I’m pretty sure that switching off the OOM killer is a terrible idea.
I’m even more sure that the important thing you need to try is to fix the configuration of your swap space.
By default, Fedora uses
zram swap, which compresses stale pages within ram, rather than paging them out. I can see why, for a typical user with more ram than they really need, but leaving open a few too many applications that they aren’t actually using, zram can be a modest improvement to performance. But I think that is a narrow range of benefit and hard to really identify.
In general, but especially for “scientific computing”, zram is a terrible idea.
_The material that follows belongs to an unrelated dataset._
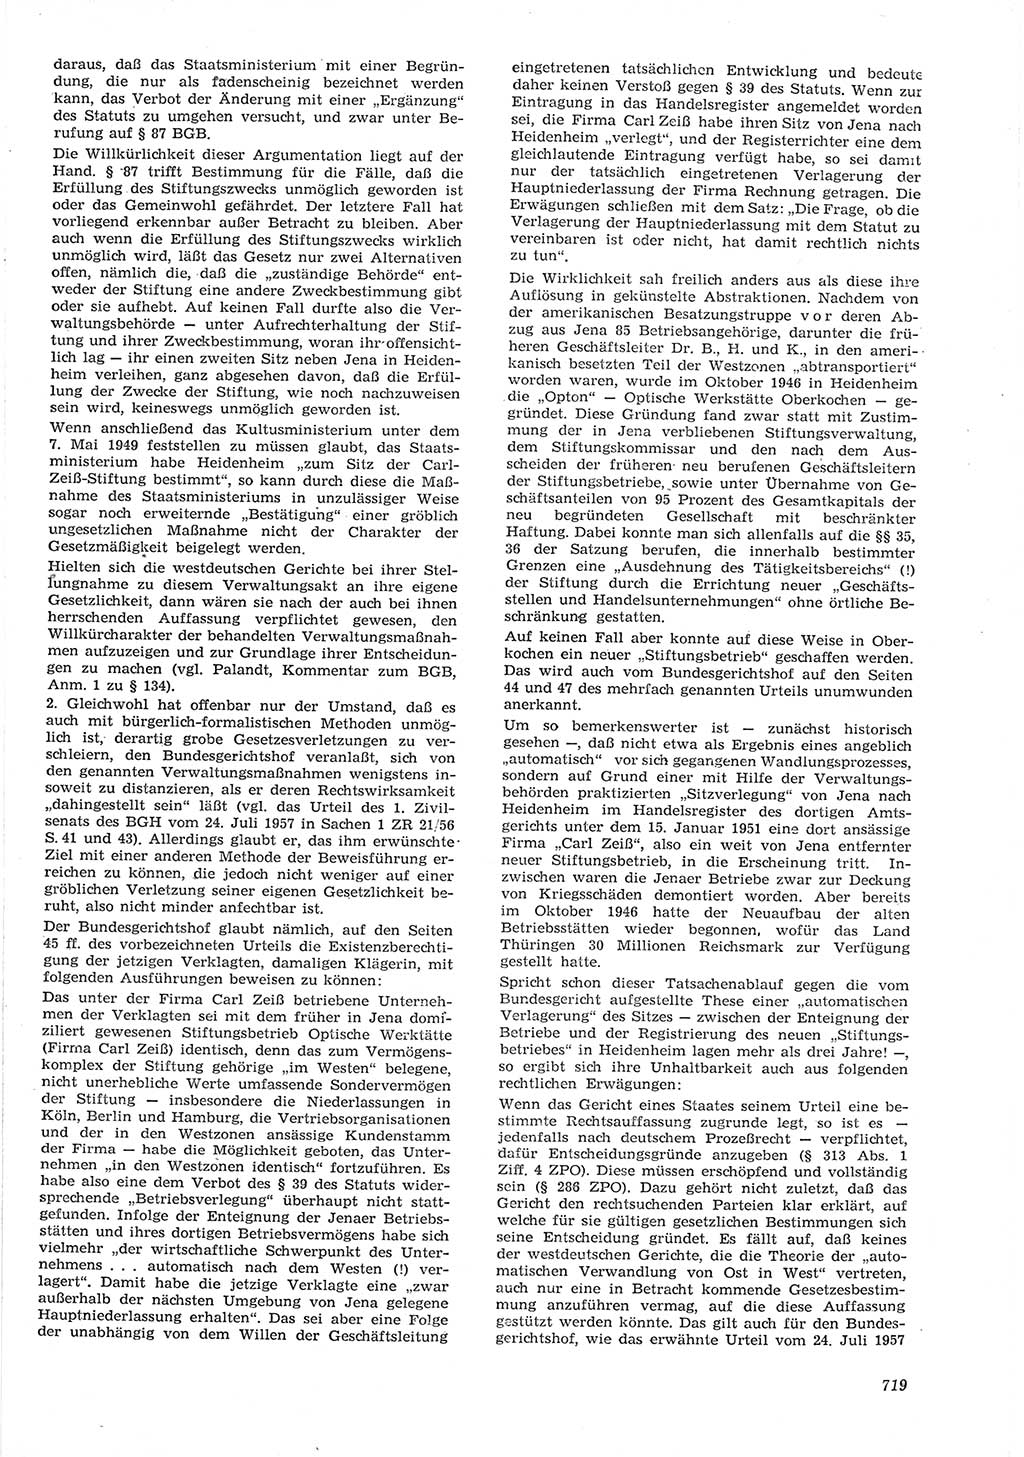 Neue Justiz (NJ), Zeitschrift für Recht und Rechtswissenschaft [Deutsche Demokratische Republik (DDR)], 15. Jahrgang 1961, Seite 719 (NJ DDR 1961, S. 719)

You need real swap space.
After you figure out how much real swap space you need and configure it, the OOM killer will no longer kill anything, and your application will continue running.
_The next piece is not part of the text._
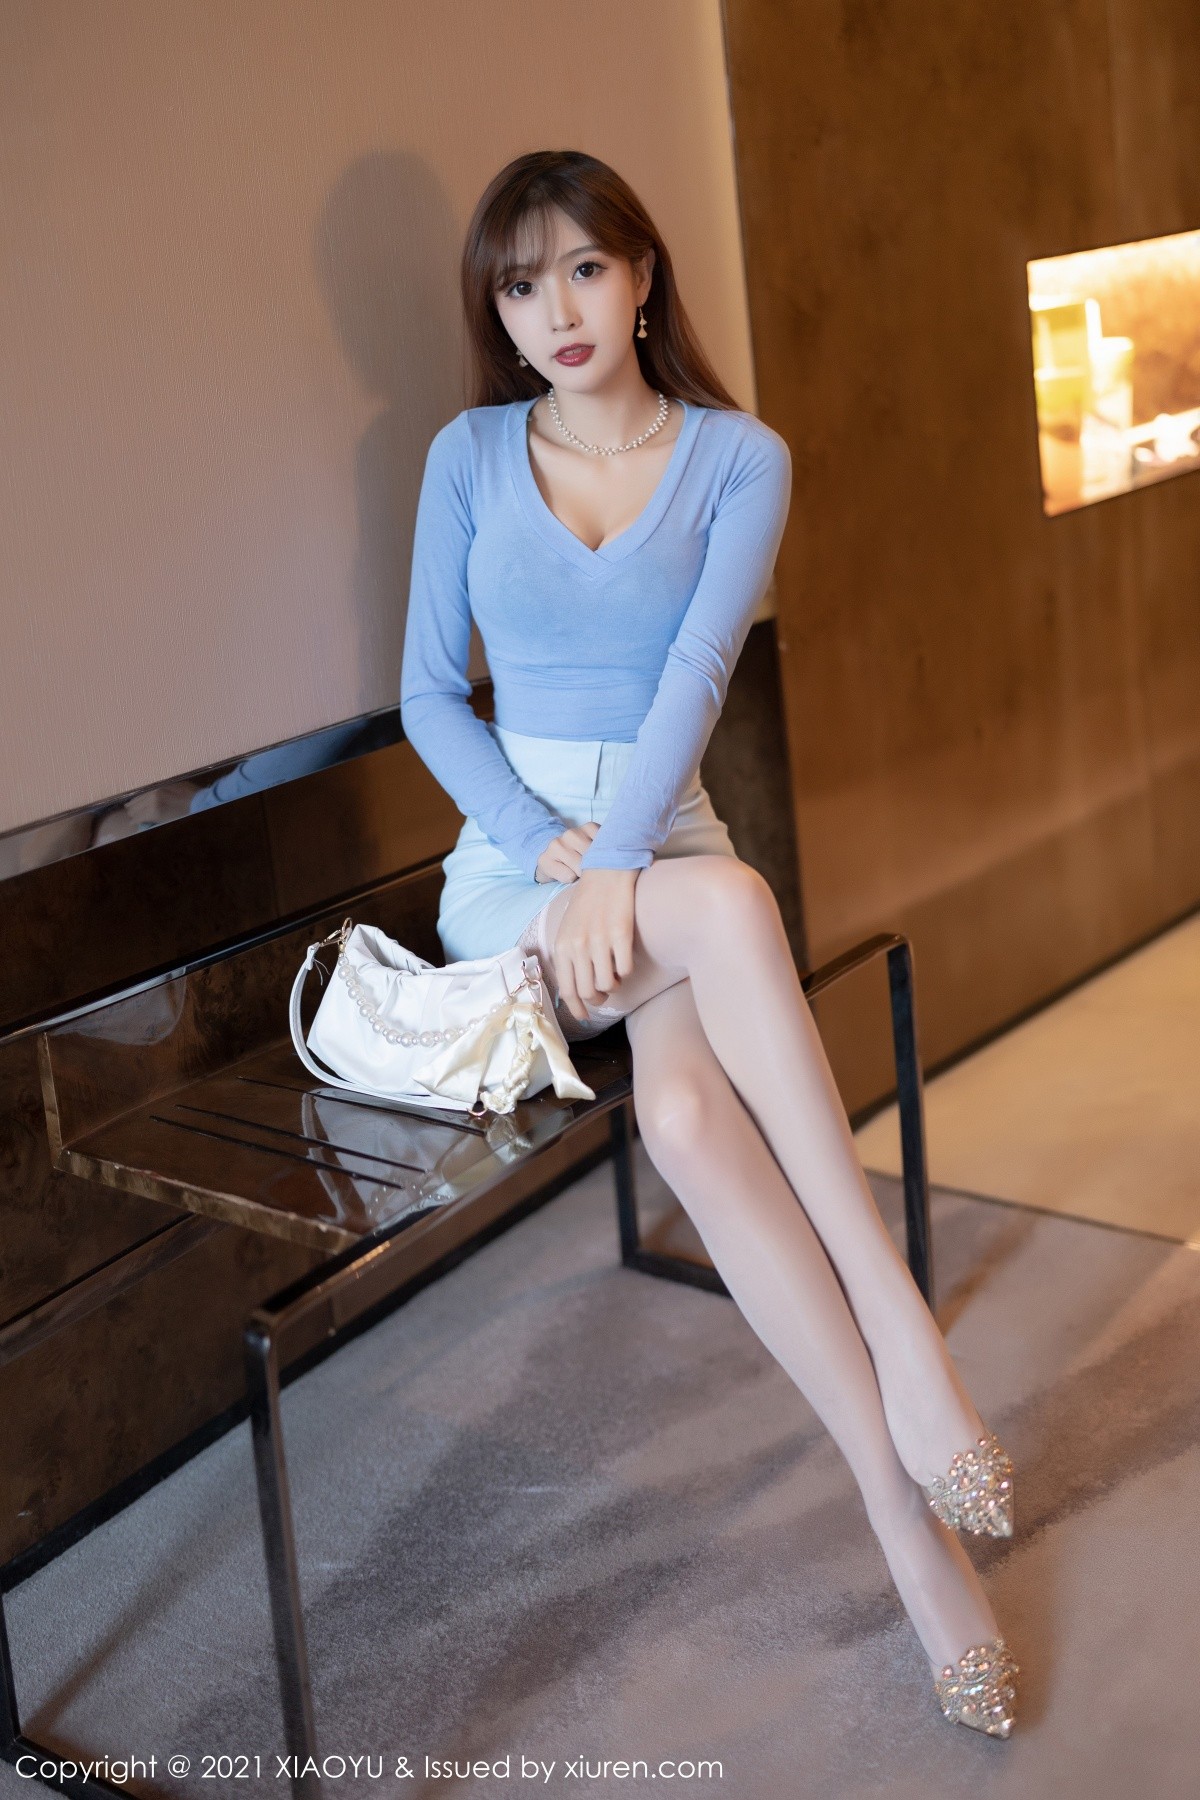 美女模特林星阑淡蓝色上衣搭配淡色超短裙性感写真

Depending on the memory access pattern within that application, maybe the whole problem is then solved. Vs. maybe you just don’t have enough ram for that application to complete in reasonable time. Vs. maybe you have a memory leak in the application and adding swap space just delays the failure.
Another warning is that you may need to be patient when the system seems to be hung (when running a simulation with properly configured swap). You may be paging out key parts of the GUI when you stop using them for a few minutes while waiting for the simulation. Then when you try to use them again, everything seems frozen. No OS designer has put in the research needed to design getting the GUI system back from swap in reasonable time. The process that brings it back when you start using it again eventually works, but takes longer than would make any sense if you don’t understand what happens behind the scenes to make it complicated.
It is not actually counterproductive for your use case and even less so for ordinary users. If you have a memory leak in an application, you want that to bring down the application rather than lock up the whole system. If your application is simply using more memory that your ram+swap permits, you still would rather have the application fail rather than lock up the whole system (including that application).
You have described, and maybe even really have, a boundary case: The randomness you claim would imply you have just barely enough ram plus swap for what you’re trying to do. It is certainly possible in a narrow range of such boundary cases for the OOM killer to kill something when no such action was really needed. But even in that boundary case, the right answer is to increase the amount of swap so you aren’t in that boundary case.